# MAX Core Errors



## admansta (Jan 6, 2006)

Guys, hope you can help....

I have Radeon 9200 128mb

Max mem and artifact search works OK.

Max Core runs up to about 280 then drops from there every quarter sec giving errors and finaly finished running at 100!!!

IS this normal?
SHould I just set max core to 275 and see how it works?

THanks Adam


----------



## admansta (Jan 6, 2006)

Tried running with core at 270 and mem at 225.

Machine crashes as soon as it tries to run 3d.
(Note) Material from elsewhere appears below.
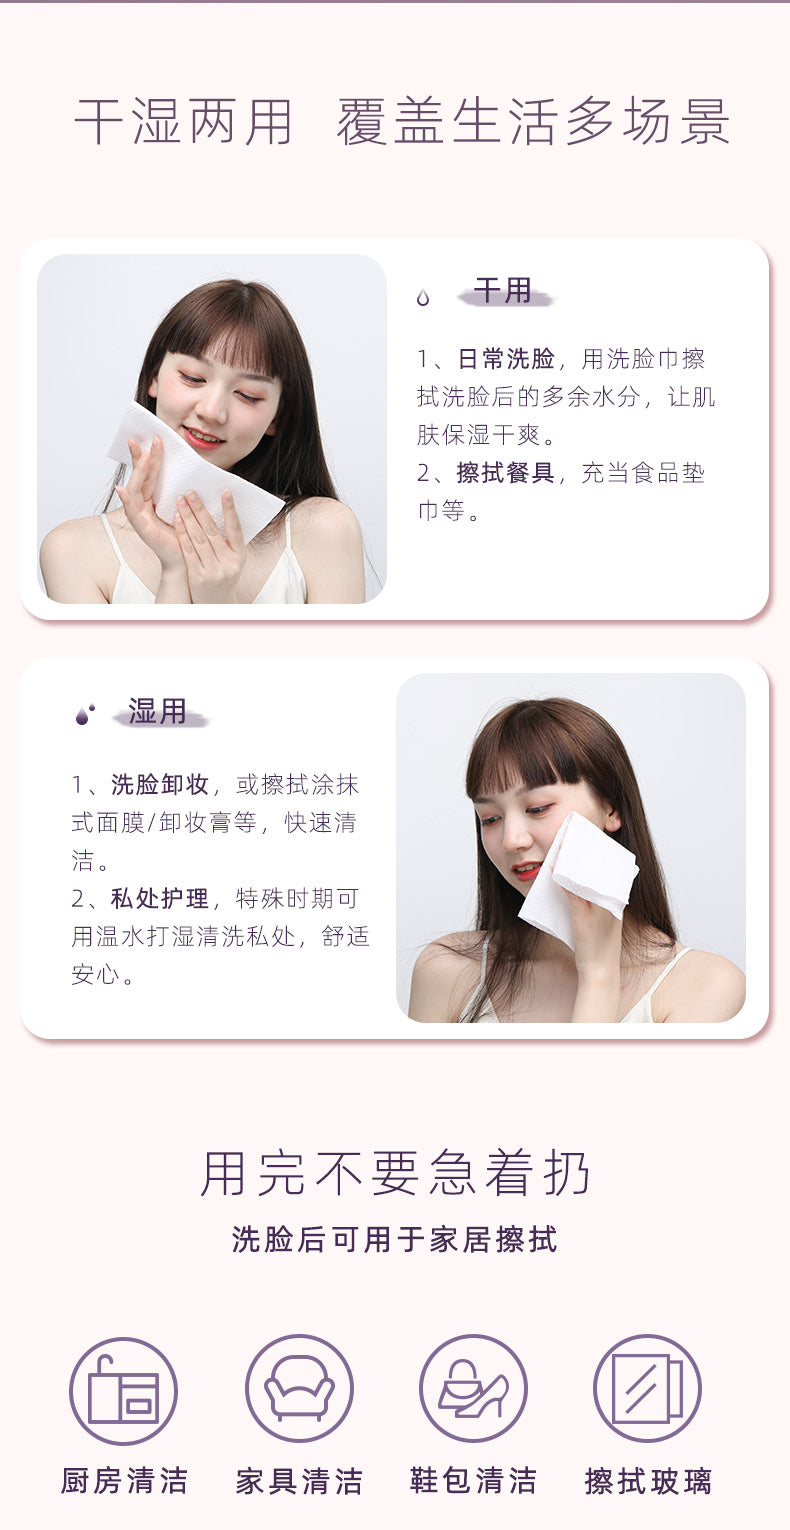 EVERBAB Disposable Facial Towel 艾蓓拉团团棉花洁面巾 80sheets/60sheets

Open GL or Direct X.

runs perfectly on default settings for my card - core 250 mem 200

Have seen guys posting here with 128mb 9200's using 300+ core?

Any help would be great guys.

Adam


----------



## ButchA (Jan 12, 2006)

I dont know but i think its not possible to overclock in that range, if the gpu would clock @ 280 it would be a 12% higher core as it should, and thats a lot for a -excuse me- lowmid range gpu.

If u set the clock manually to 275, start the "Show 3D View" run it about 5 Minutes and then Scan for Artifacts, if nothing to bother - have fun ^^

At least i would advise you to buy a new gpu @ www.mad-moxx.de

Hope that was a little Help & sry for my bad english


----------



## admansta (Jan 13, 2006)

THanks for the reply I'll try it at 275 then do the scan and see how I go.

I might look at getting a new card soon once I have the cash.

Cheers,

Adam


----------